Their lifestyles were bohemian, as they experimented with homosexuality, cohabitation or ménage-a-trois. Not just this but their preoccupation with themselves and their life choices made them the object of much derision. D.H. Lawrence famously described them as “little swarming selves”.  Parmar’s book recognises this self-obsession. Desmond MacCarthy’s fiancée asks, much to the group’s utter consternation, “Why would others care what boundaries are broken in this house?” And an amused Vanessa notes in her diary ‘I honestly do not think it had occurred to any of us that what we did was unimportant’.
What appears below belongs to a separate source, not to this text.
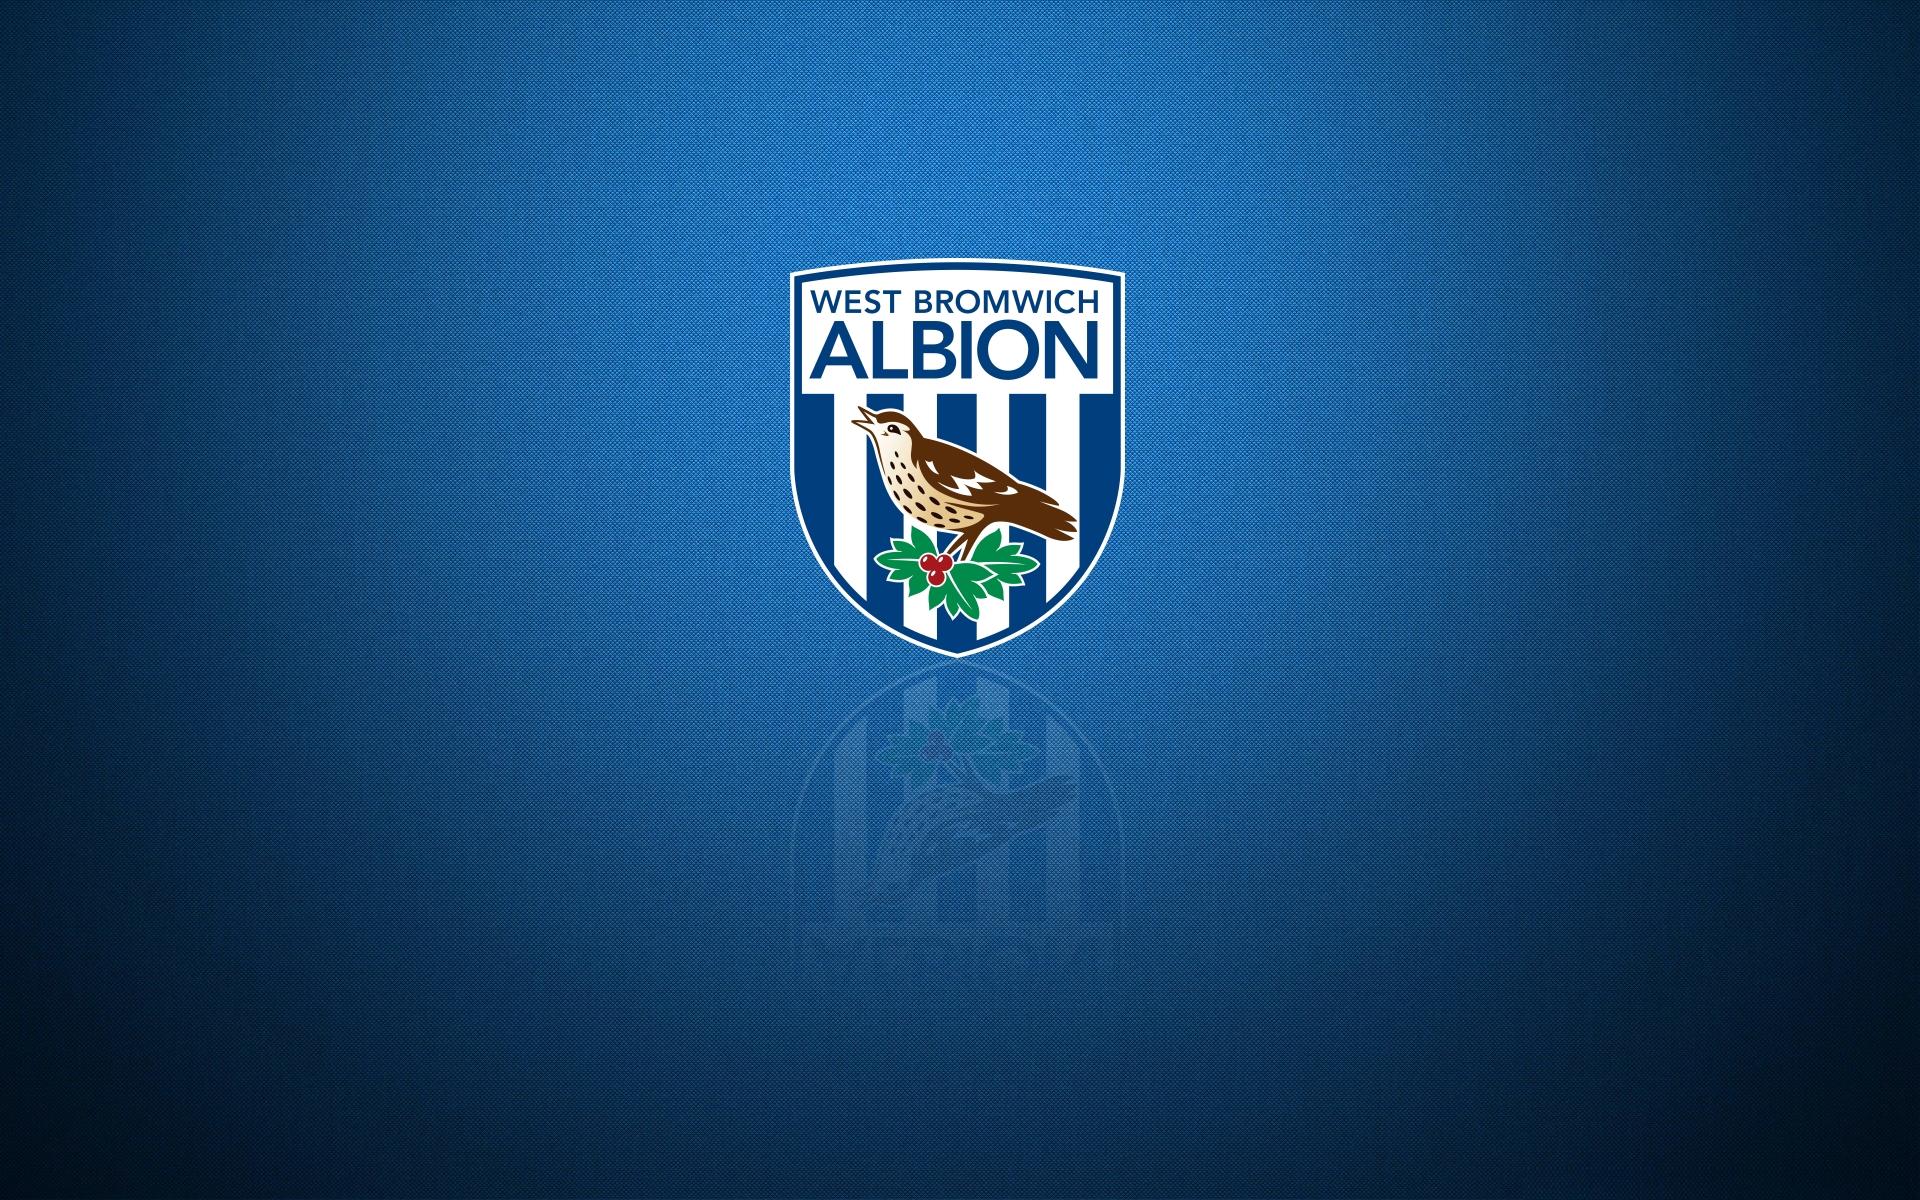 West Bromwich Albion FC Logos Download

Vanessa was the group’s anchor but, most importantly, she was anchor to Virginia, who teetered dangerously on the edge of madness (now thought to be bipolar disorder). Parmar paints Virginia from a sister’s eye, warts and all, and shows her pathological dependence on Vanessa, to the point of deeply resenting her marriage to Clive Bell, whom she proceeds to seduce. Virginia’s lesbianism is also latent — she asks Vanessa to marry her — foreshadowing her future affair with Vita Sackville-West, wife of diplomat Harold Nicolson.

Vanessa struggles to hold on to her self against Virginia’s imperious commandeering of her time, attention and affection. “Her way is acquisitive. She is always interested in more — more affection, more attention… more warmth, more secrets.” Vanessa’s anger and resentment seethe below the surface, because Virginia would not survive an open confrontation. But, despite this, there is also love, sympathy and pride in Virginia’s immense talent. One evening, listening to her talk with the assembled men, Vanessa says, “Her voice broke free of its rusted shell and slid like a deep river over rocks. I watched them watch her. She stands with them as an equal…”

The book picks Virginia bare, but it is also an intimate insider view of the Bloomsbury group at their vulnerable, personal moments, rather than their strident public persona. But, most of all, it is a sister’s account of living with and loving an unstable genius.

Parmar writes the book exactly as the painter Vanessa might have, seeing the world in colours and shapes.  “…we four wrung the last hours of tumbling sunshine from the summer,” says a journal entry. Or this: “No… It is no longer a single, straight-syllabled word… Instead it is a tumbledown cottage of a word, furnished in curiosity and thatched in doubt.”

Mainly, though, Parmar imagines the drawing rooms, the dinners, the conversations and journeys of the famous group with an unerring eye for detail and tone that makes them come alive. This book takes historical fiction to a delightful new height.   

Vanessa and Her Sister;Priya Parmar, Bloomsbury India, Rs.499.